### Data section
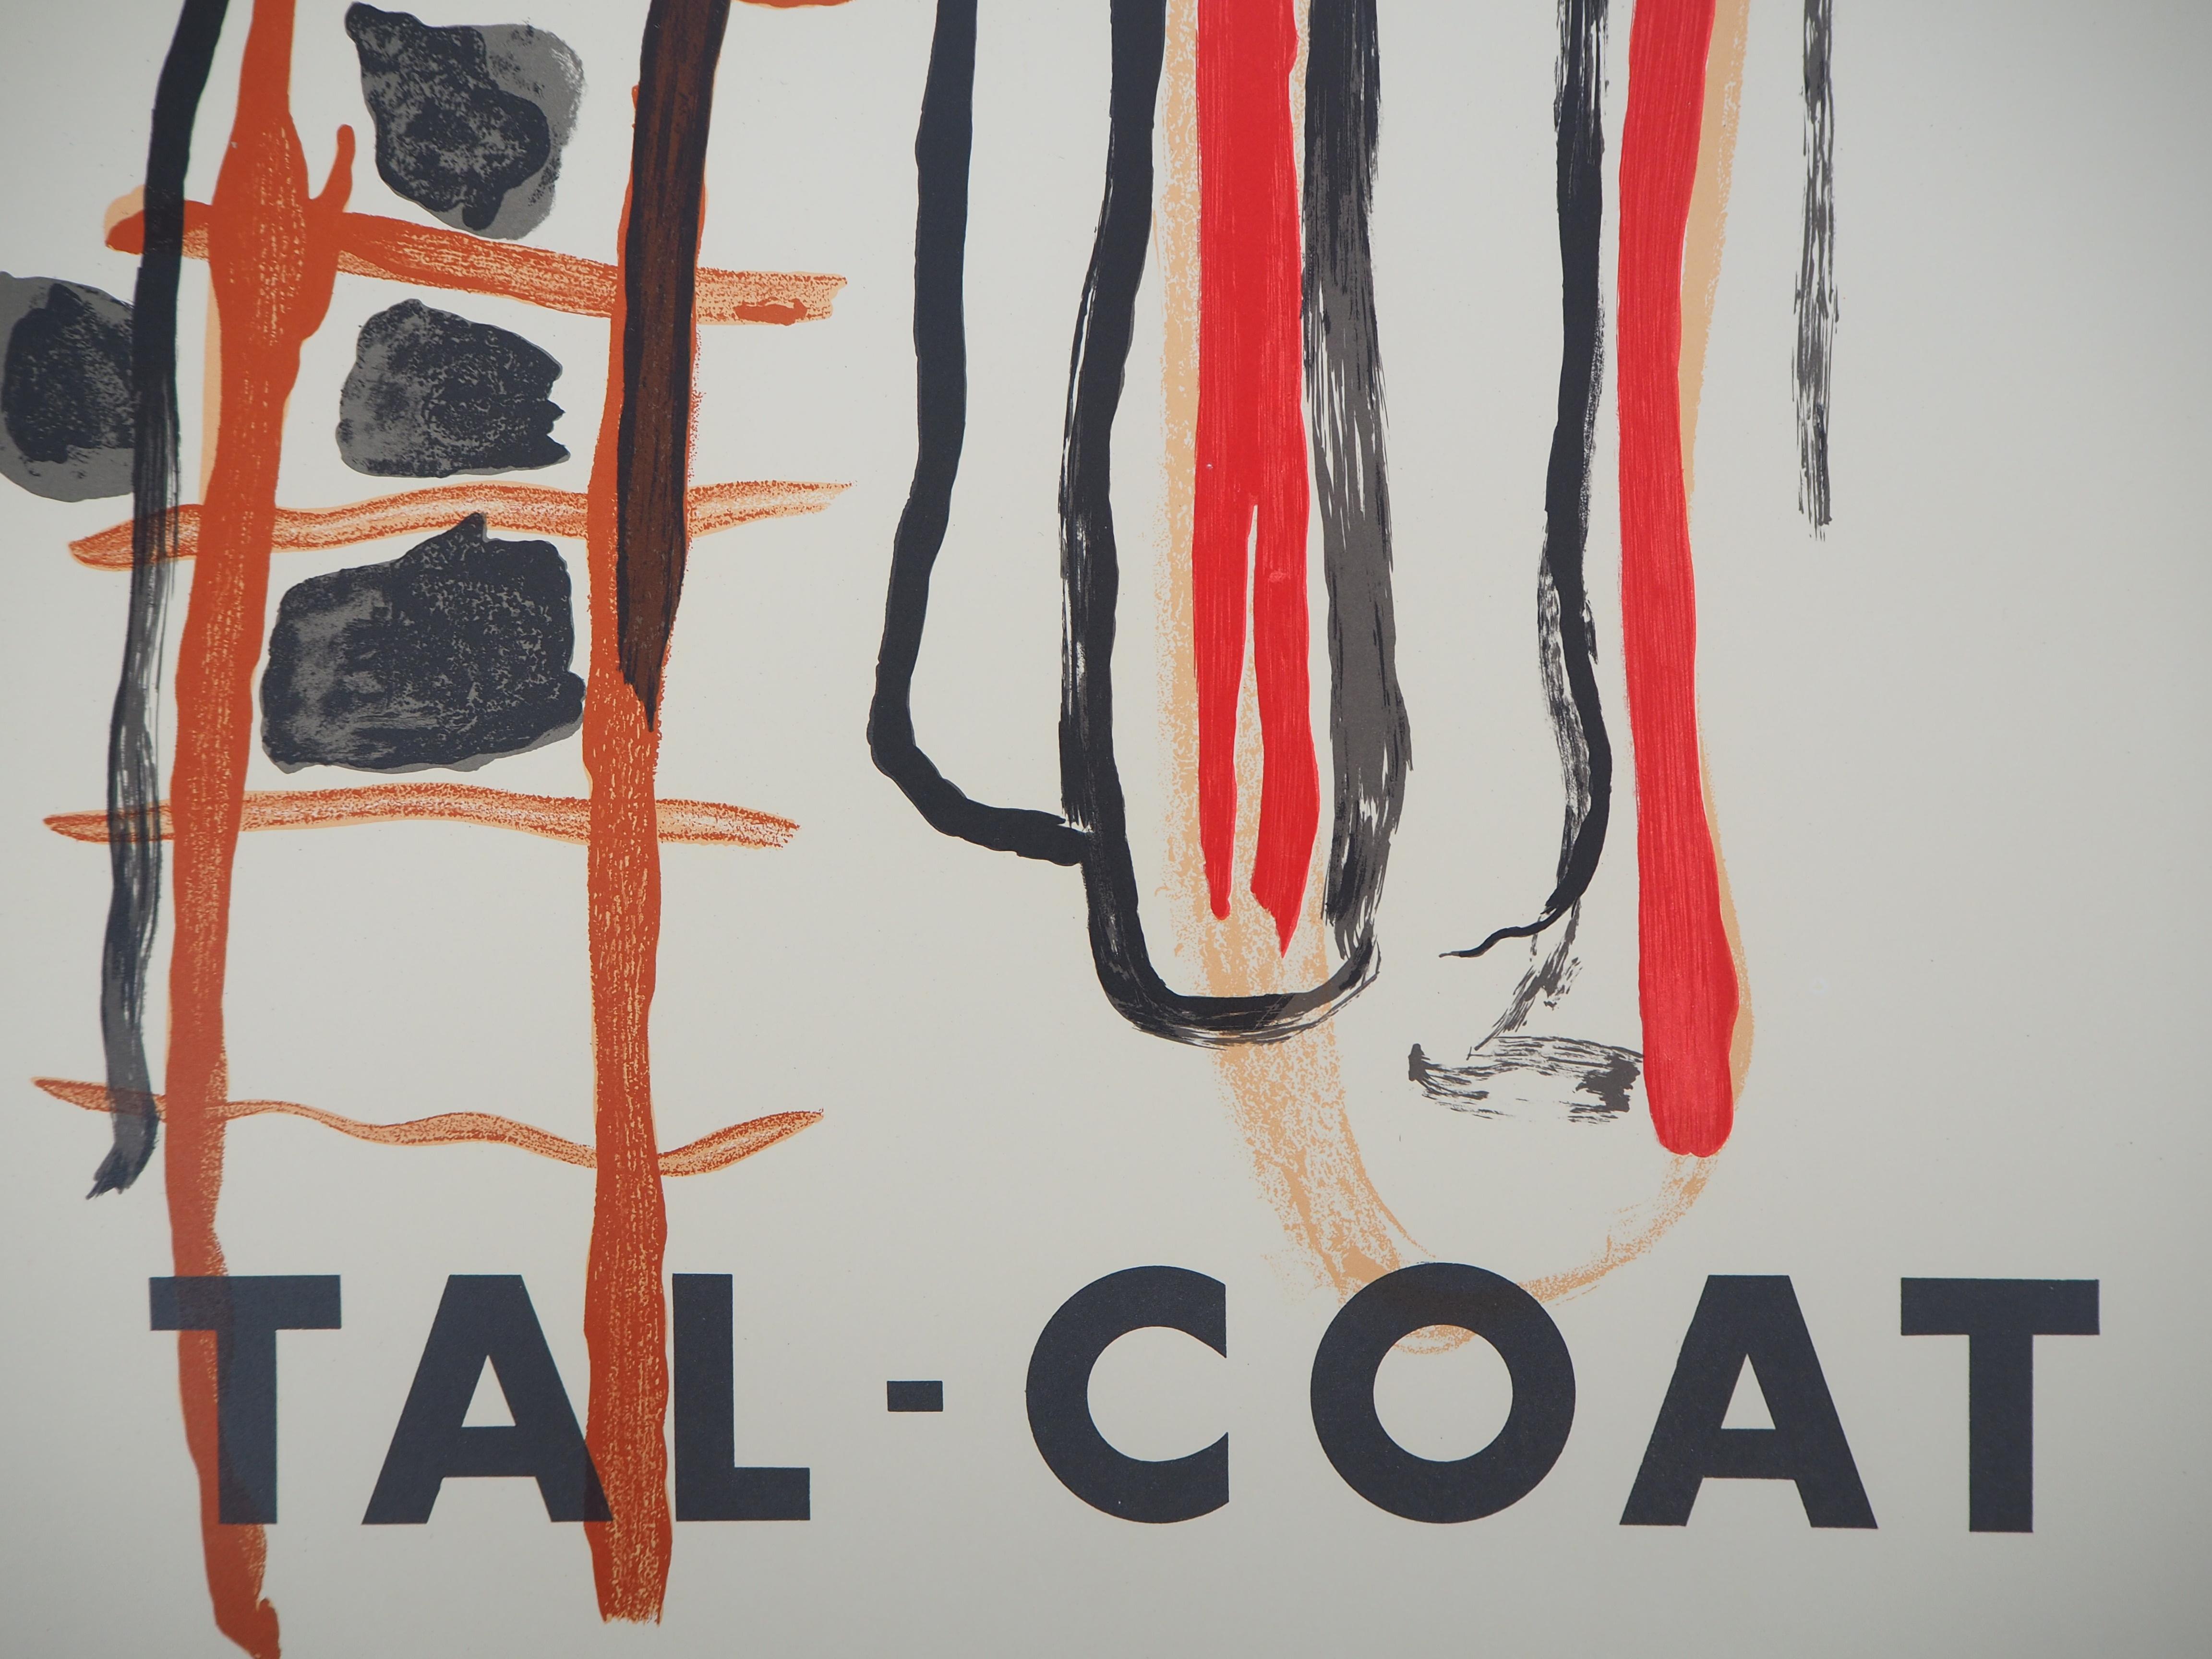 Pierre TAL-COAT
Abstract Composition 

Original vintage lithograph poster
On paper 62 x 48 cm (c. 25 x 19 in)
Edited for the artist exhibition at Maeght Gallery in 1956

Excellent condition
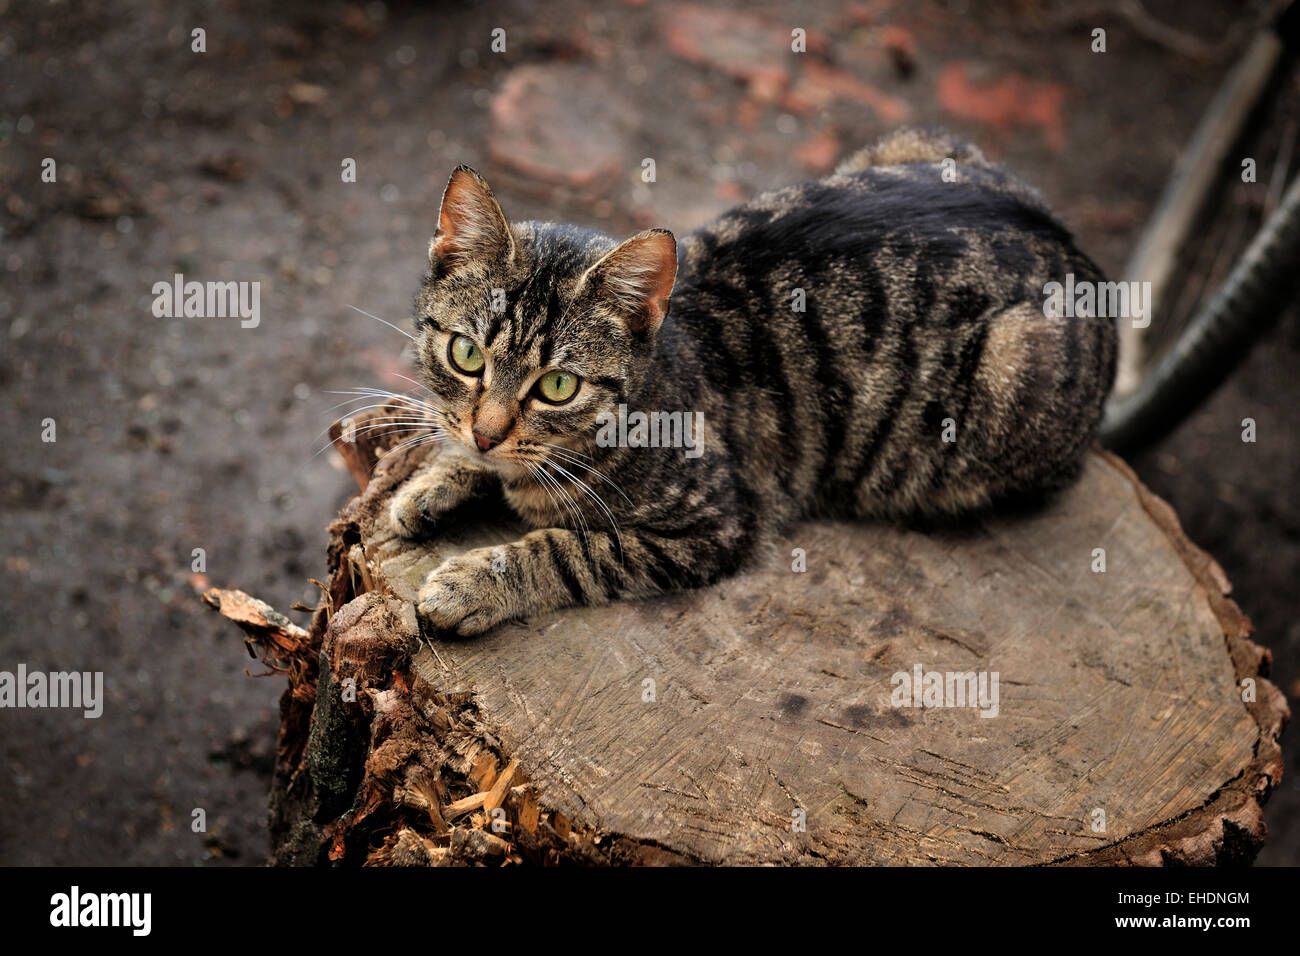 cat, animal, outdoor,animals, cat, ear, emotion, empty, expression, eyes, young, domestic, domestic animal, domestic cat, domestic cats, natur, Stock Photo
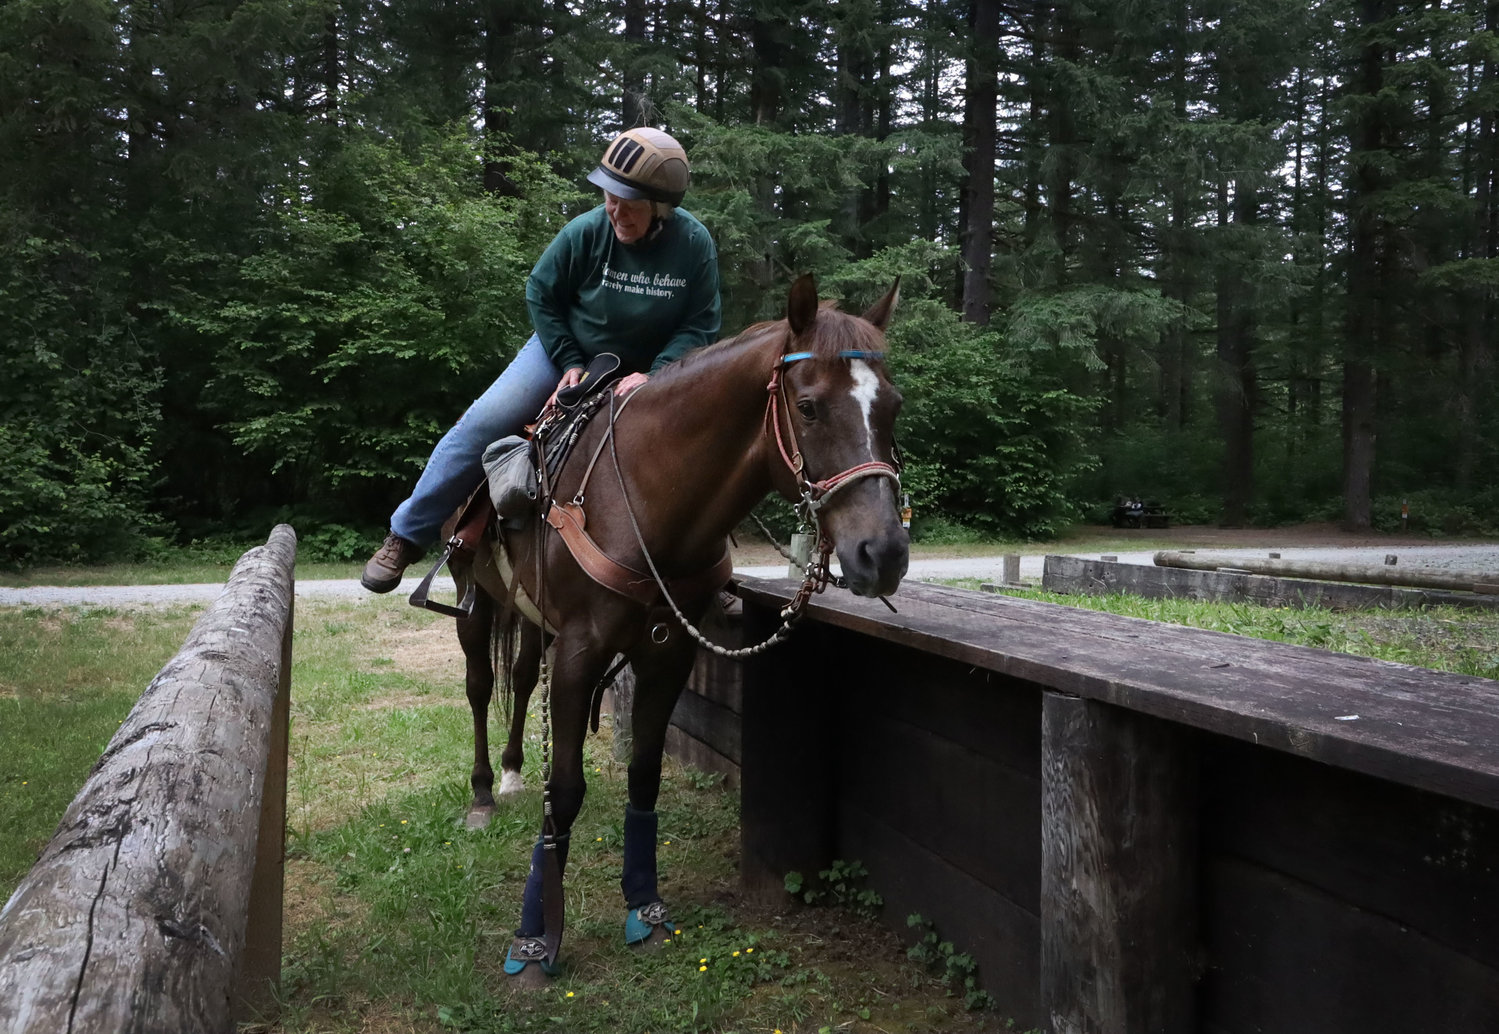 Barbara Thomas from Hockinson gets on her horse, Anthony, using the mount assistance area at Rock Creek Horse Camp in Yacolt June 25. The camp also includes ADA accessible camping spots.
######
Retype all the entries word for word; the pictures stay out.

Written answer:
 Pierre TAL-COAT
Abstract Composition 

Original vintage lithograph poster
On paper 62 x 48 cm (c. 25 x 19 in)
Edited for the artist exhibition at Maeght Gallery in 1956

Excellent condition
 cat, animal, outdoor,animals, cat, ear, emotion, empty, expression, eyes, young, domestic, domestic animal, domestic cat, domestic cats, natur, Stock Photo
 Barbara Thomas from Hockinson gets on her horse, Anthony, using the mount assistance area at Rock Creek Horse Camp in Yacolt June 25. The camp also includes ADA accessible camping spots.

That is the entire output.